- WHAT YOU ARE ASKED TO DO -
Reproduce without change the lines in the material below that run from the one with "Modell GE 280." to the end, and nothing more.

- GIVEN DATA -
------------------------------

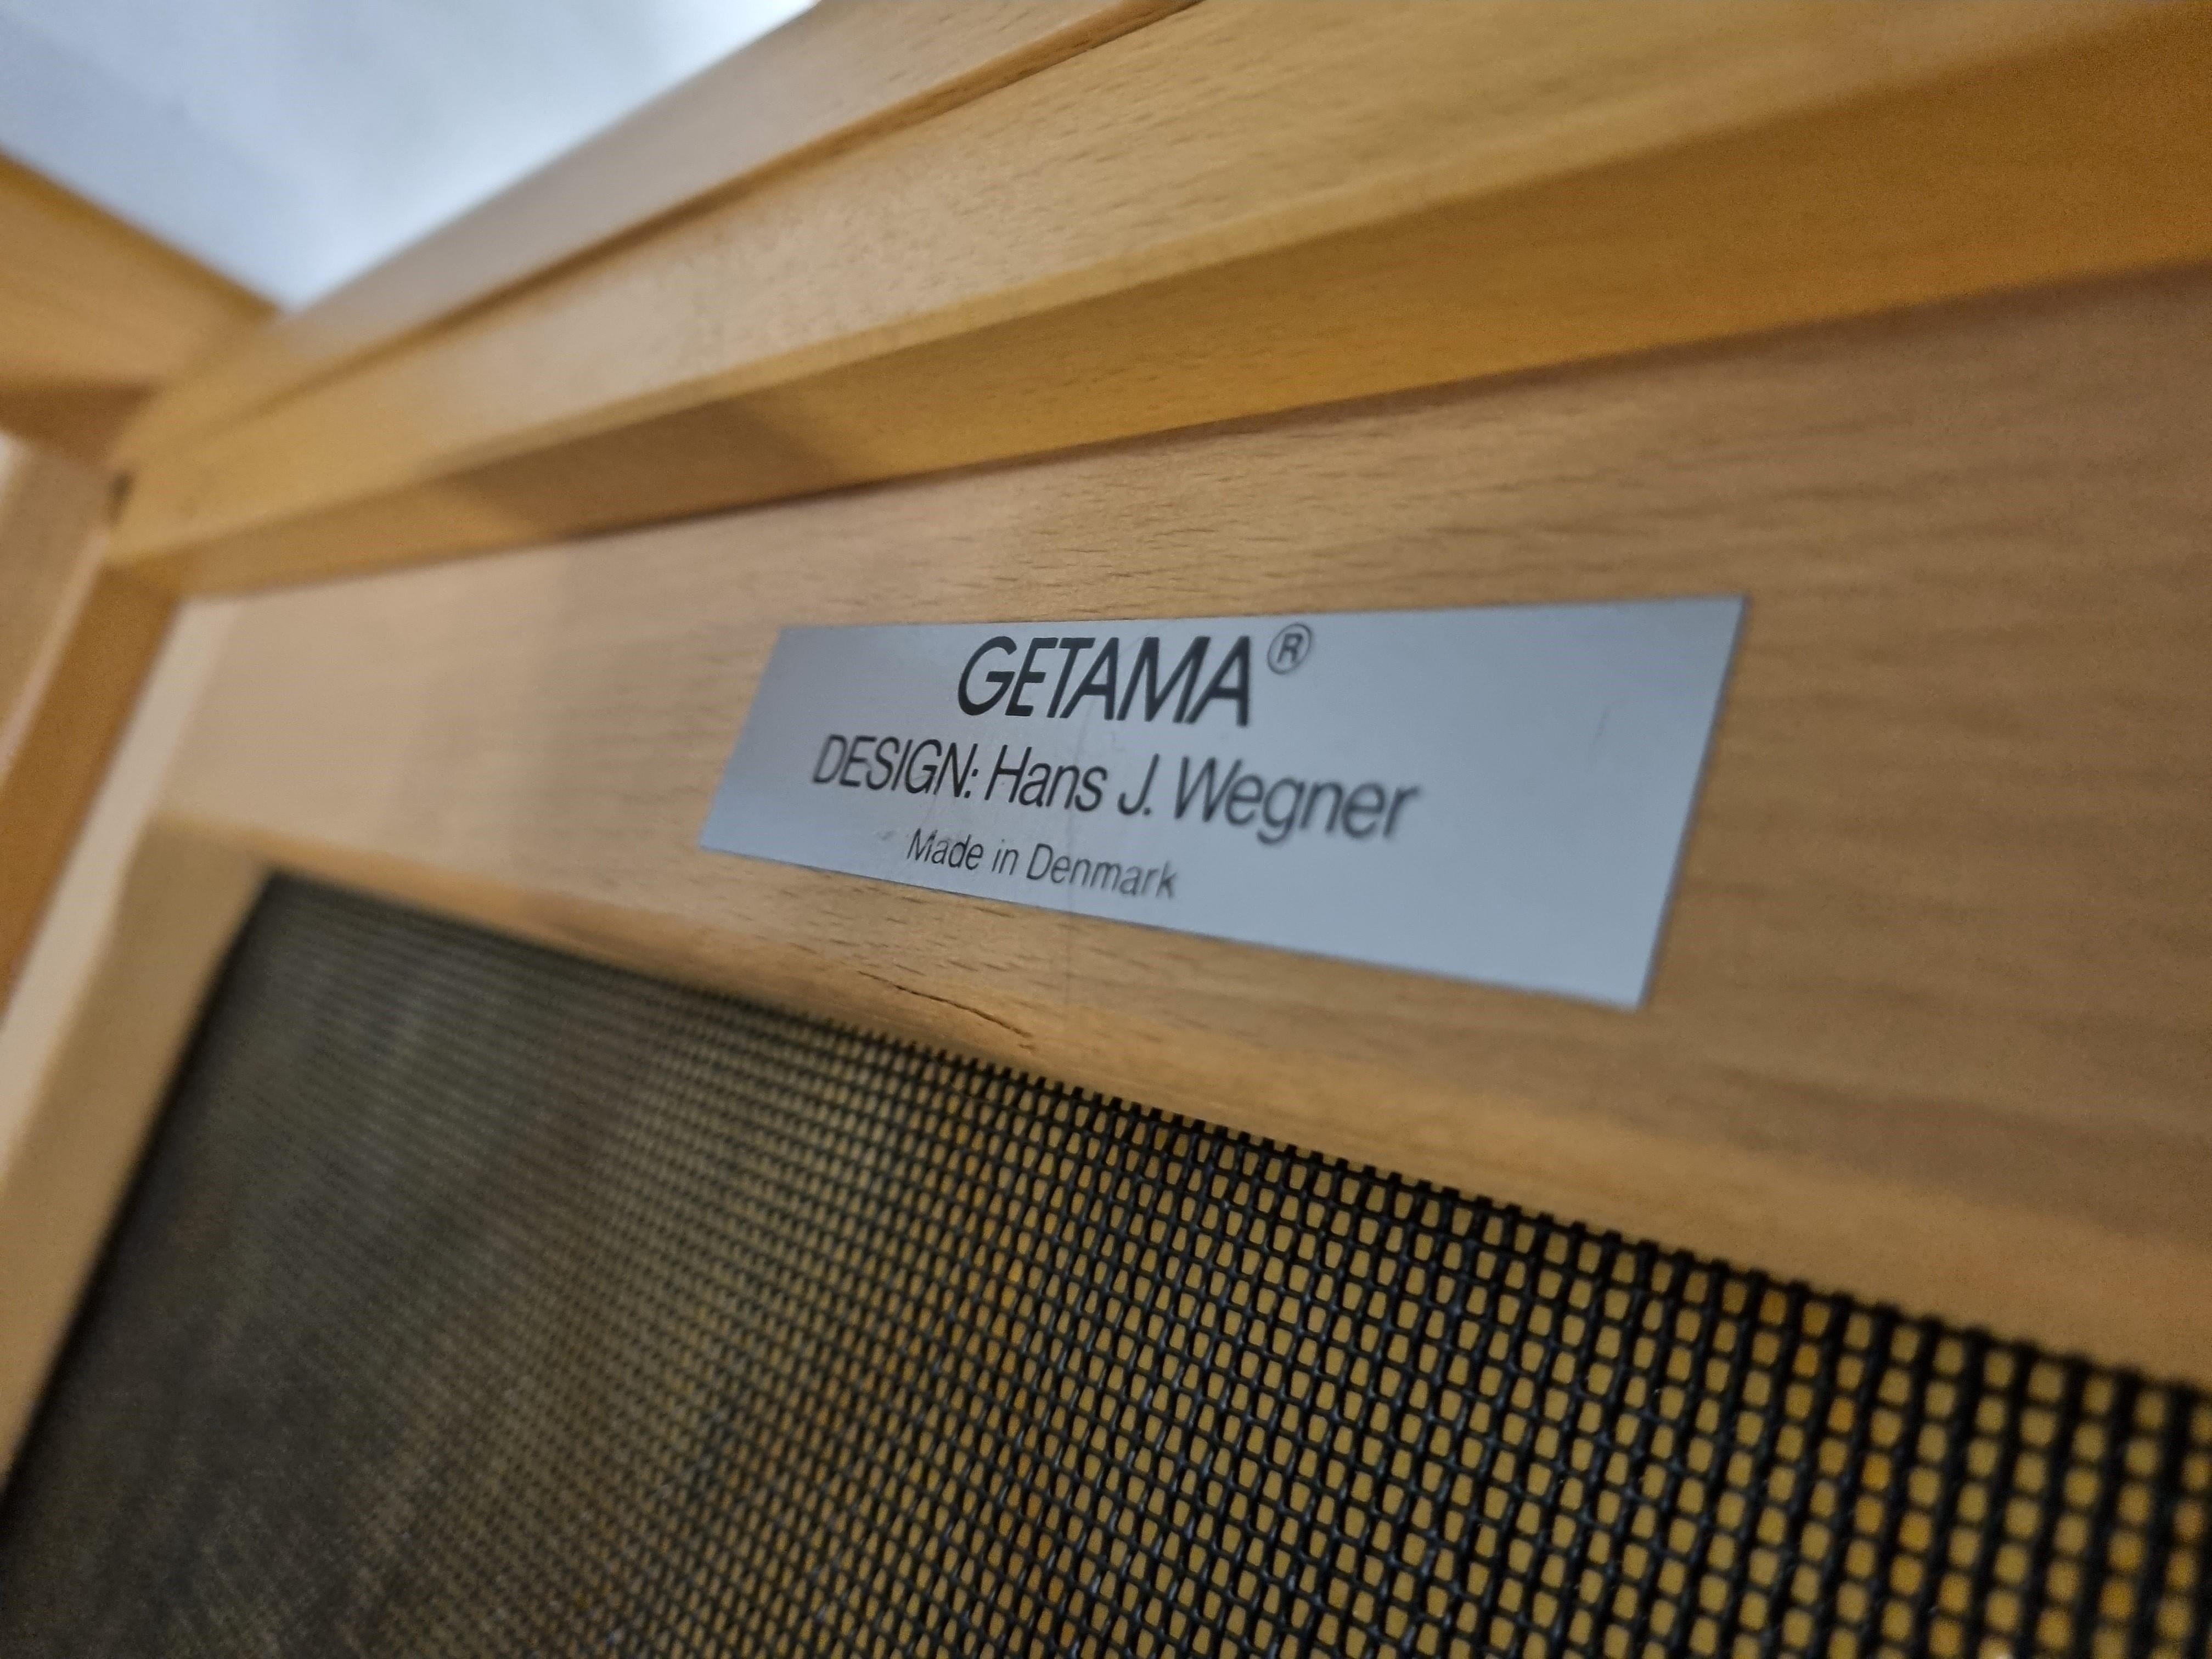 Seltenes modulares Sofa, entworfen von einem der besten Designer der Jahrhundertmitte, Hans J. Wegner, für Getama.
Modell GE 280.

Das modulare Sofa besteht aus einem schönen Bugholzrahmen aus Eiche mit schönen blauen Kissen.

Der Satz besteht

------------------------------

- RESPONSE -
Modell GE 280.

Das modulare Sofa besteht aus einem schönen Bugholzrahmen aus Eiche mit schönen blauen Kissen.

Der Satz besteht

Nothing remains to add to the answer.